6 comments on “Bailout heads for Senate win; House foes soften

  1. Jeffersonian says:

    It’s worse than ever, filled to the brim with pork and unrelated pet projects. Nothing but a dreadful hog-call, a purse snatch of epic proportions. [url=http://www.politico.com/news/stories/1008/14161.html]Details[/url]

    Which means it’s a cinch to pass. God help us.

  2. AnglicanFirst says:

    A clear comprehension of a problem should result in a broad plan with clear and succinct language that is easy to comprehend.

    The proposed book length (450 pages?) Senate plan shows that that legislative body does not have a clear comprehension of the problem at hand.

    Instead, they are ready to put the American tax payers (not those free-loaders riding on the tax payers’ backs) deeply in depth with a poorly thought out plan that takes Congress off the hook (but only in the short term).

  3. AnglicanFirst says:

    In my comment #2, please change

    “…deeply in depth with a poorly thought out plan…”
    to read
    “…deeply in debt with a poorly thought out plan….”

  4. Betty See says:

    After receiving so many unsolicited offers of credit and after shredding so many pre-approved checks I have to wonder if there really is a credit crisis.
    Maybe the problem is that there are simply more Banks and Financial Institutions than the U.S. economy can reasonably be expected to sustain in other words, [b]too many institutions for too few qualified borrowers[/b] . If this is the problem a bail-out will just make the problem worse.

  5. Br. Michael says:

    Both parties are to blame and both should suffer at the polls. Remember that while each party has had a congressional majority over the last several years the other has had enough numbers to block any action. When the Republicans had the numbers the Democrats often insisted that legislation pass by a 2/3ds majority to cut off debate.
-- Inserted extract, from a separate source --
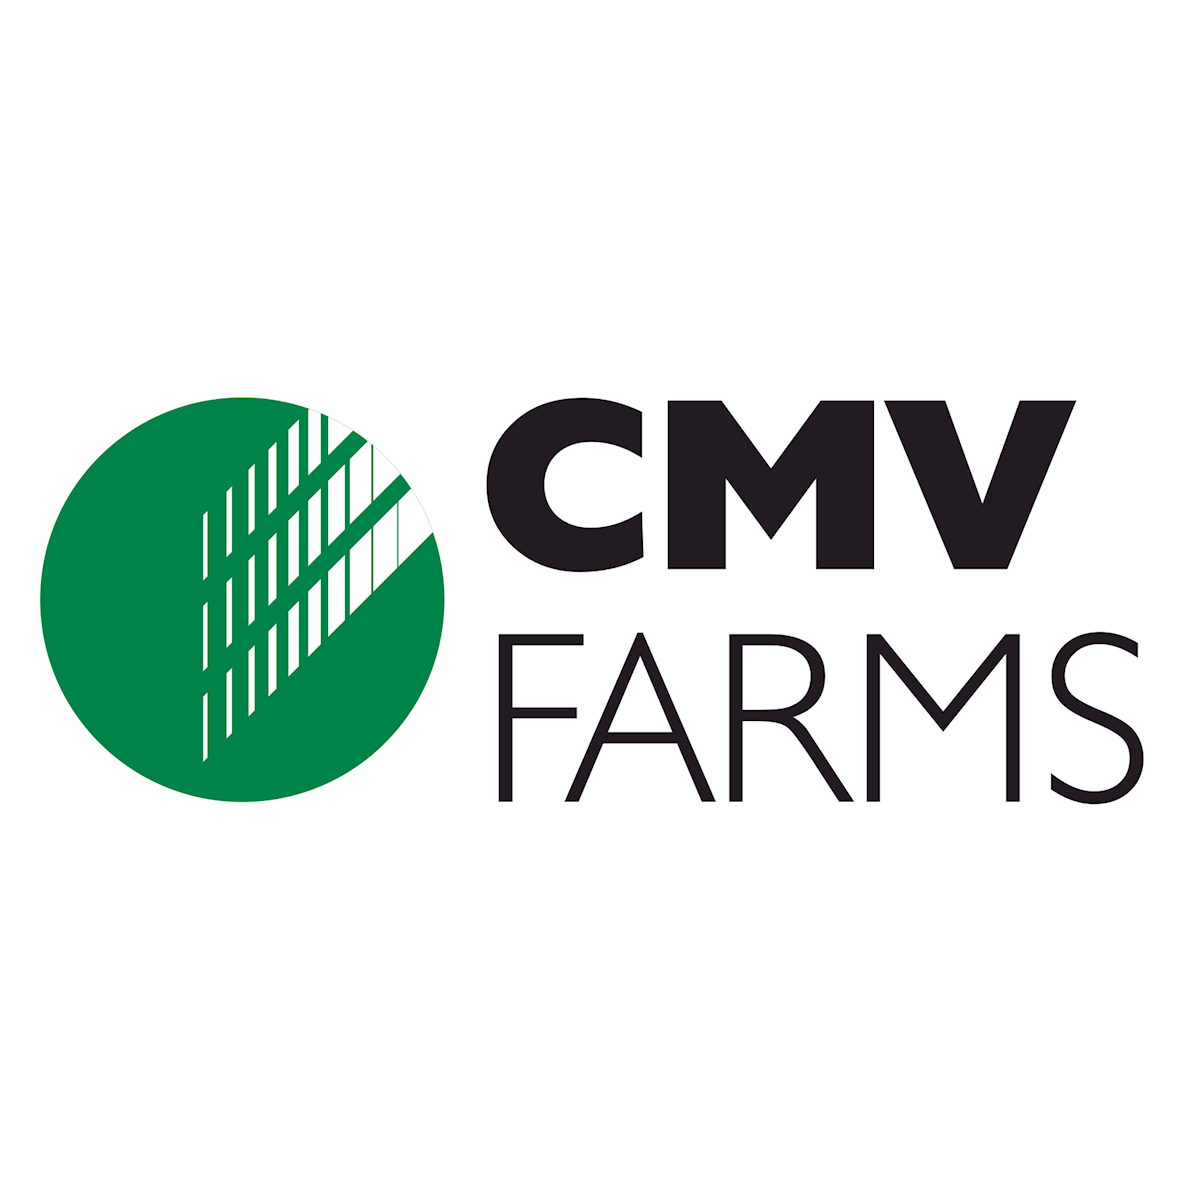 CMV Farms
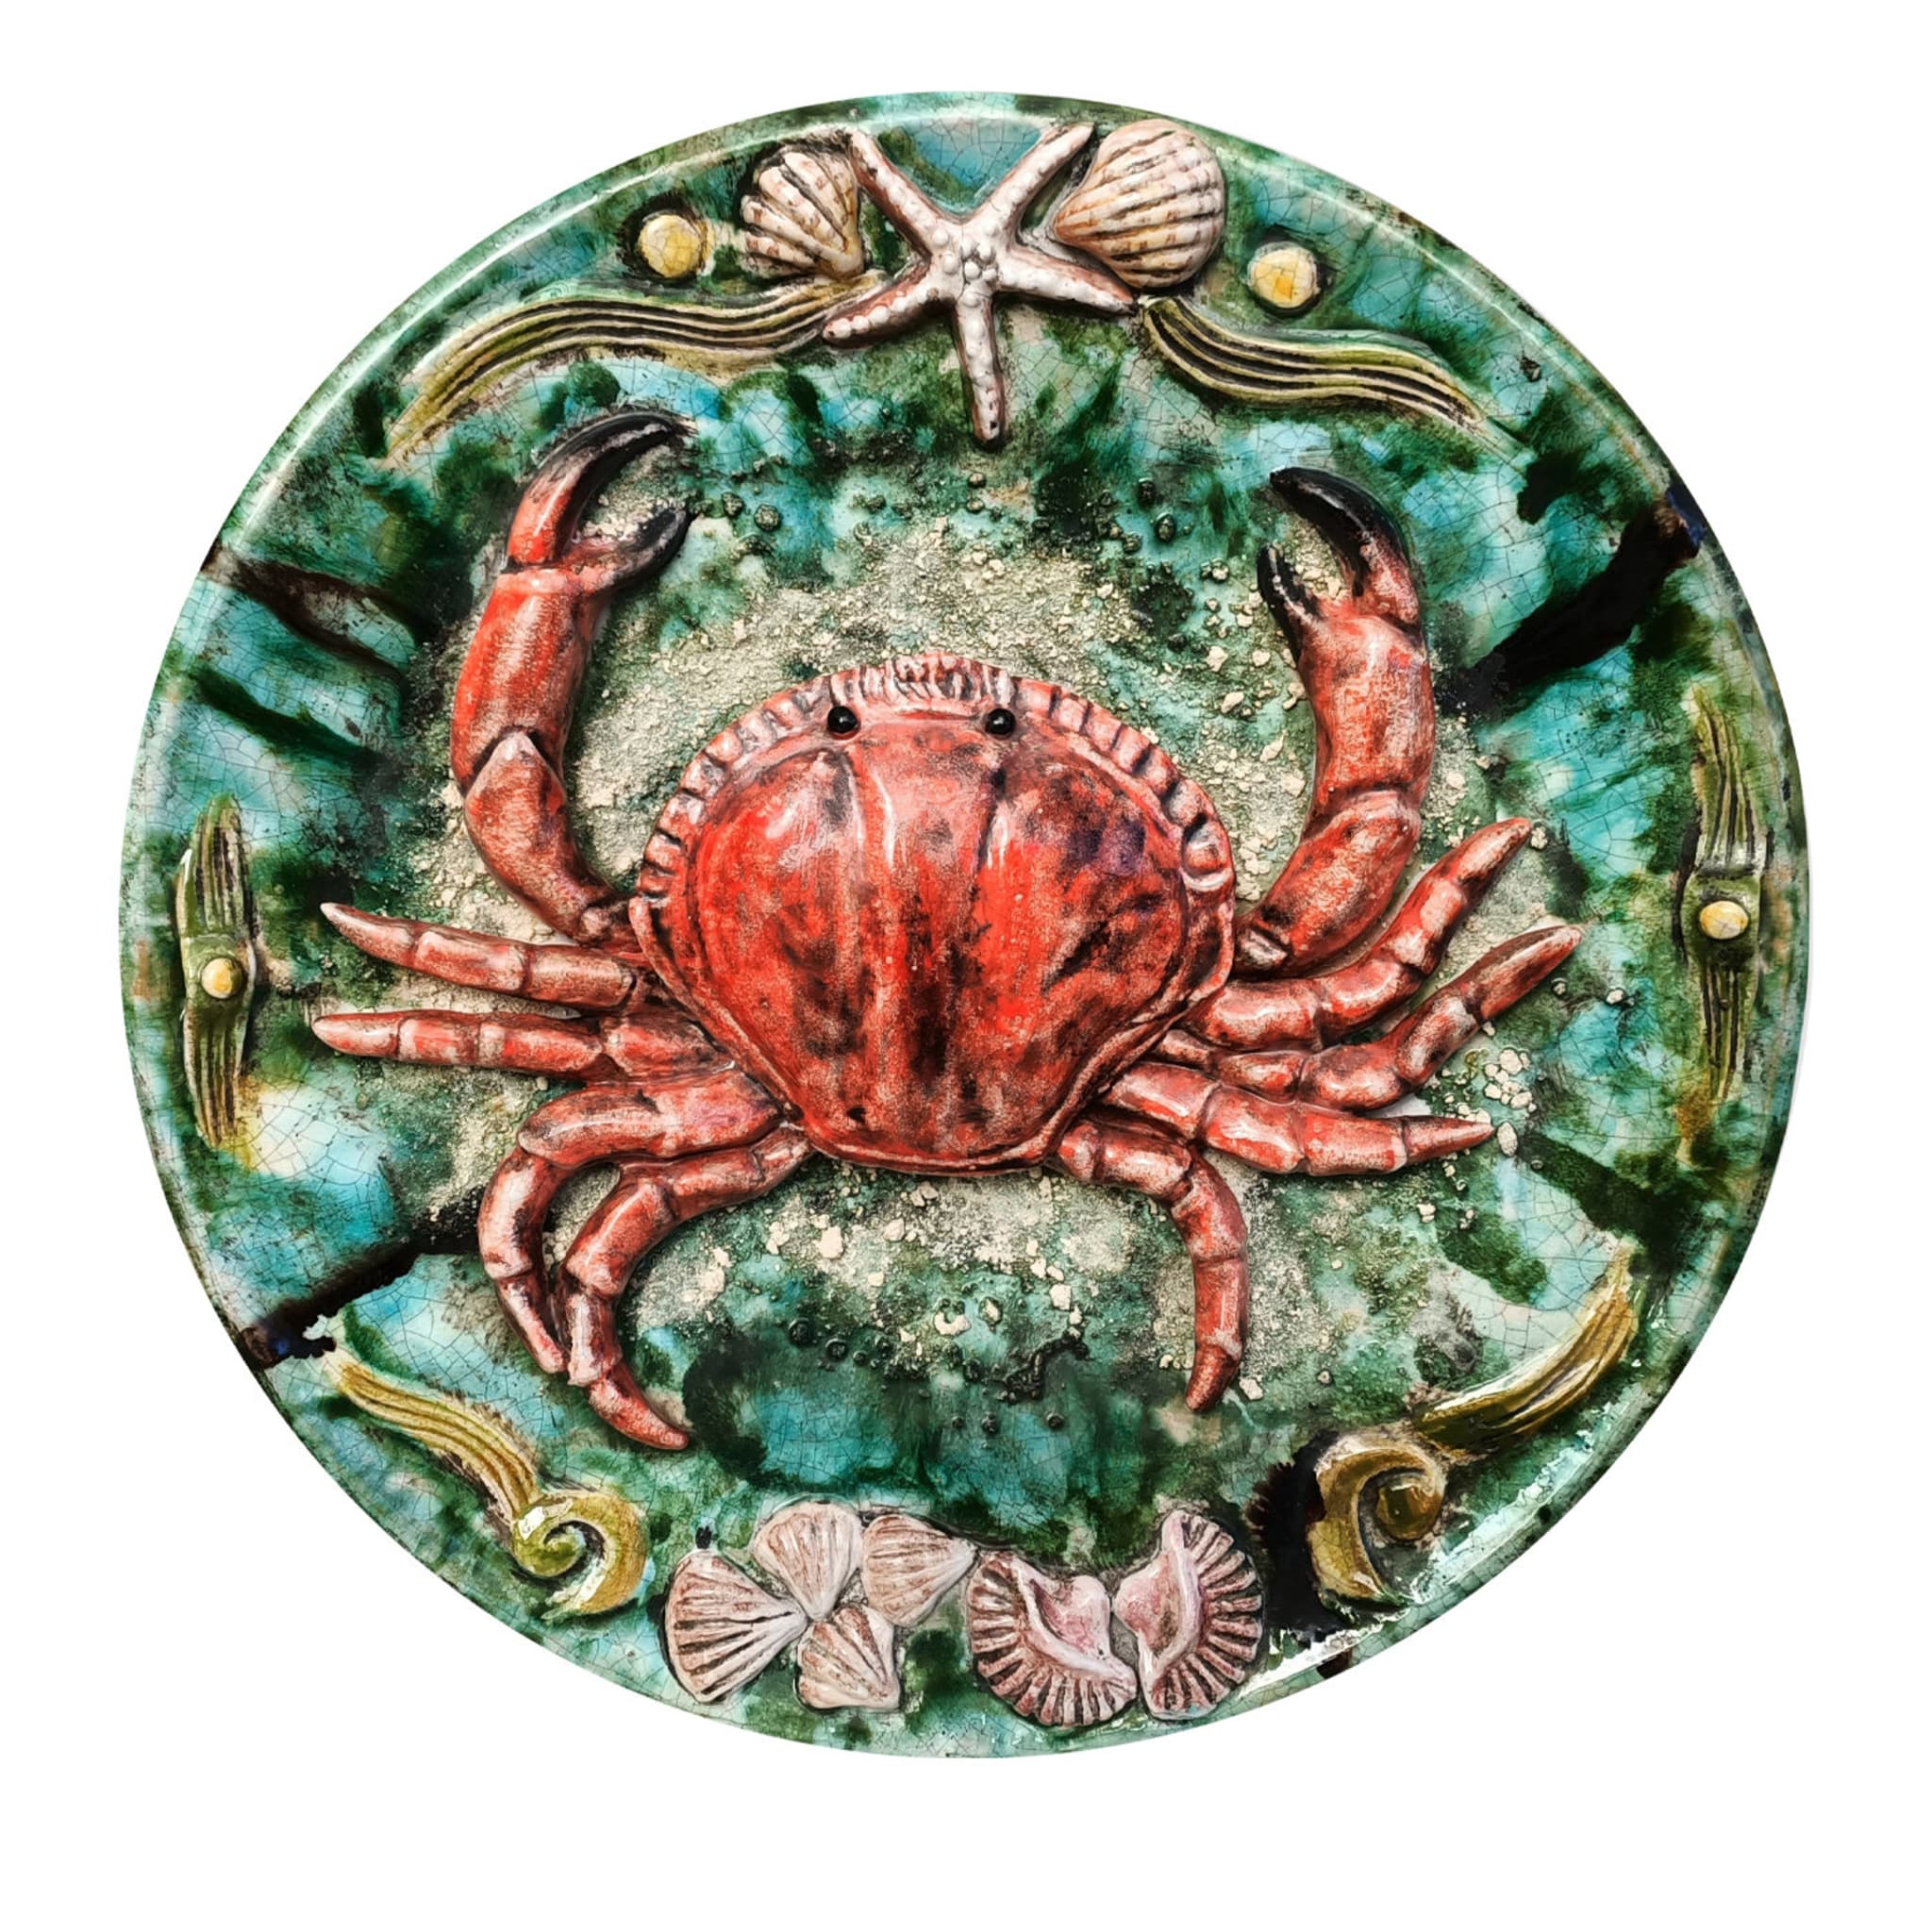 Teller mit roter Krabbe - Hauptansicht

    The plain simple fact is that each side wants to win and to blame the other for any failure or manufactured failure.

  6. Billy says:

    #5, you are correct. That is why the speech of Speaker Pelosi just before the House vote was so galling and why Barney Frank’s statement about “feelings being hurt” was even more galling. See WSJ today on Frank’s asking the two CEOs of Fan and Fred at 2003 hearing if they thought they needed more regulation, and when they said “no,” Frank said he then saw no need for further hearings. (BTW, those CEOs are Obama’s financial advisors today, after they received huge severance packages – and they were in Jimmy Carter’s cabinet).